En manos de los militares

A la hora de responder, Quattrucci defiende que hay que ir al principio de la historia: “Es una tragedia antigua, que viene de muchas décadas atrás. Tras el fin del colonialismo inglés en 1948, el país, entonces Birmania, acabó cayendo el manos de los militares, que lo siguen tutelando incluso hoy. Y es que, aunque el partido de Aung San Suu Kyi, Premio Nobel de la Paz, mantenga el Gobierno y ella asuma tres ministerios destacados, la realidad es que todo pasa por el ejército, imperando en el país un fuerte nacionalismo que entronca con la religión mayoritaria, el budismo”.

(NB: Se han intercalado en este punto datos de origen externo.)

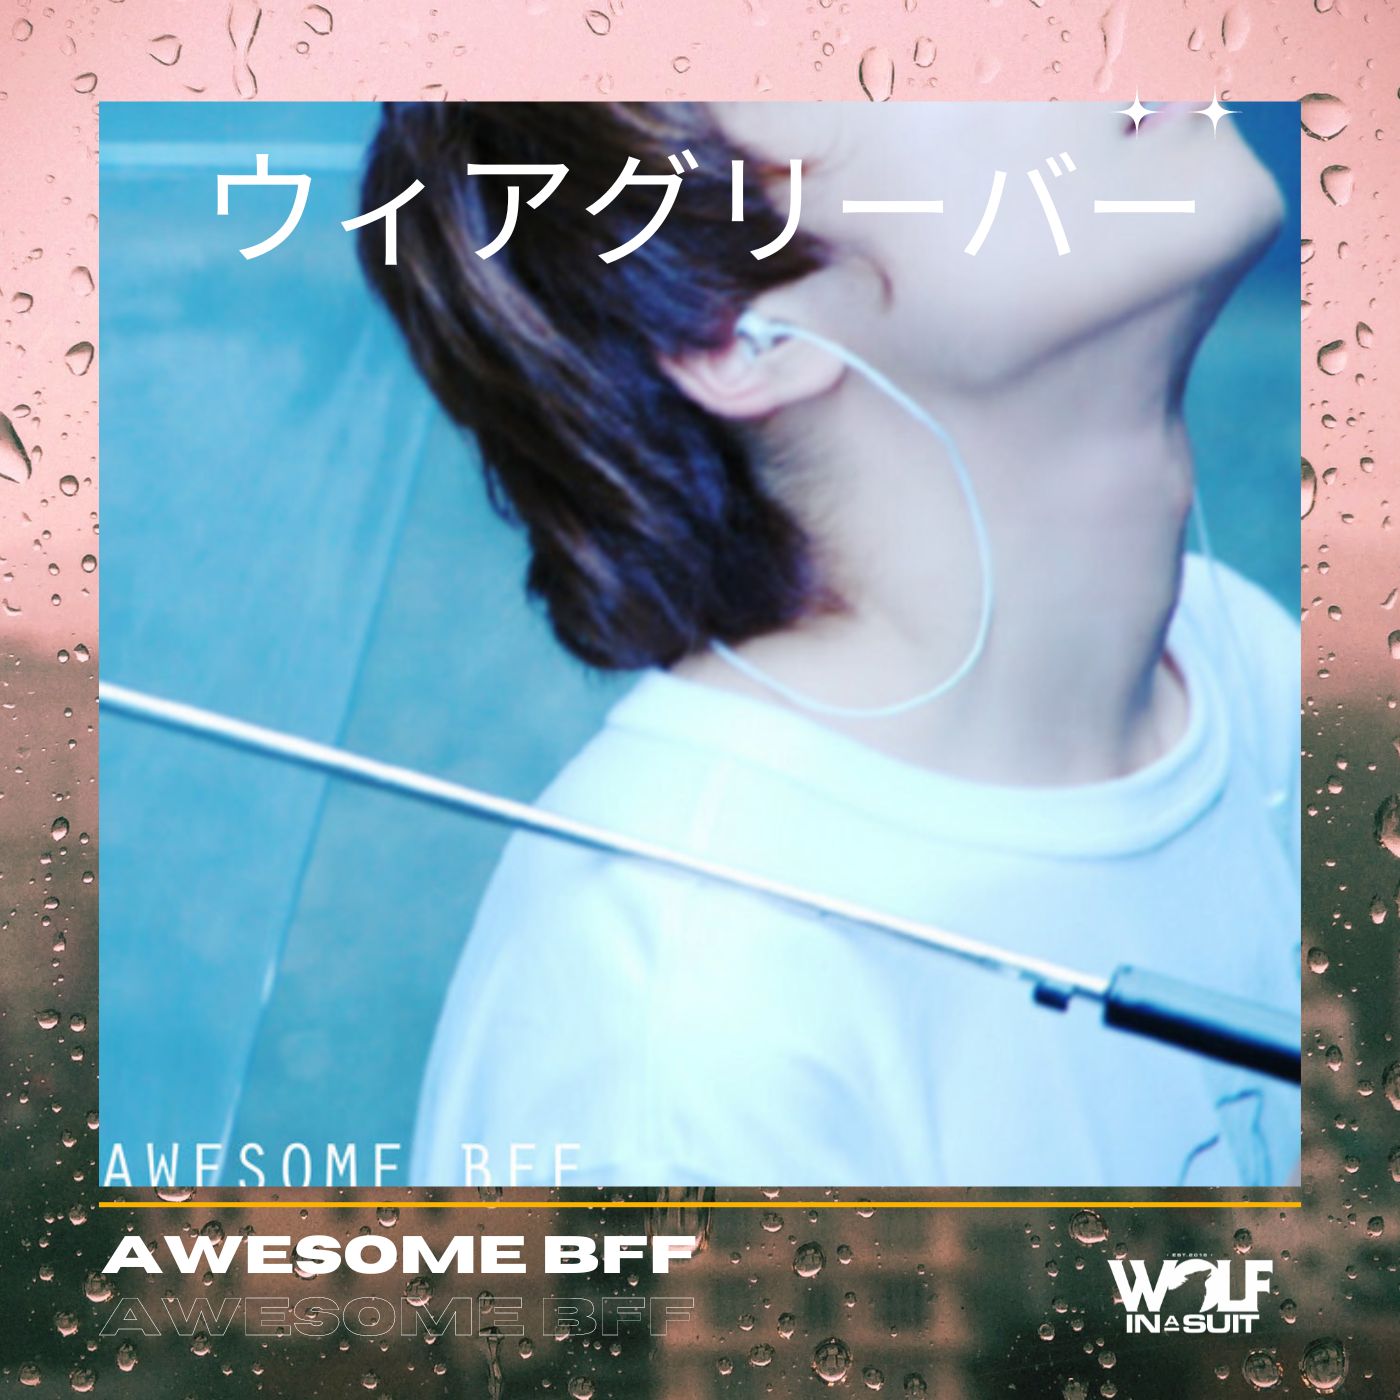 awesome bff - We are Gleeber - japan - indie - indie music - indie pop - indie rock - indie folk - new music - music blog - wolf in a suit - wolfinasuit - wolf in a suit blog - wolf in a suit music blog

A su juicio, “cuando una religión y el nacionalismo se unen, de ahí solo puede salir el odio”. Y eso es lo que ha pasado en Myanmar: “Allí tiene mucha influencia el movimiento budista Ma-ba-tha, que es fundamentalista; nada que ver con la imagen que tenemos del budismo en Europa como una religión de interioridad, meditación y paz. Pero el gran culpable de todo es el monje budista Aishin Wiratha, que lleva años difundiendo una cultura del odio contra los rohingya, la minoría islámica del país, que llevaba siglos viviendo en Rakhine. Como ocurriera en Ruanda con los hutus y los tutsis, sus discursos señalando a los musulmanes como enemigos y su idea de que, al reproducirse más que el resto, van a ‘invadir’ a la sociedad y a hacer peligrar su identidad, calan en mucha gente. De ahí que, directamente, pidiera en muchas ocasiones ‘matarlos a todos’”.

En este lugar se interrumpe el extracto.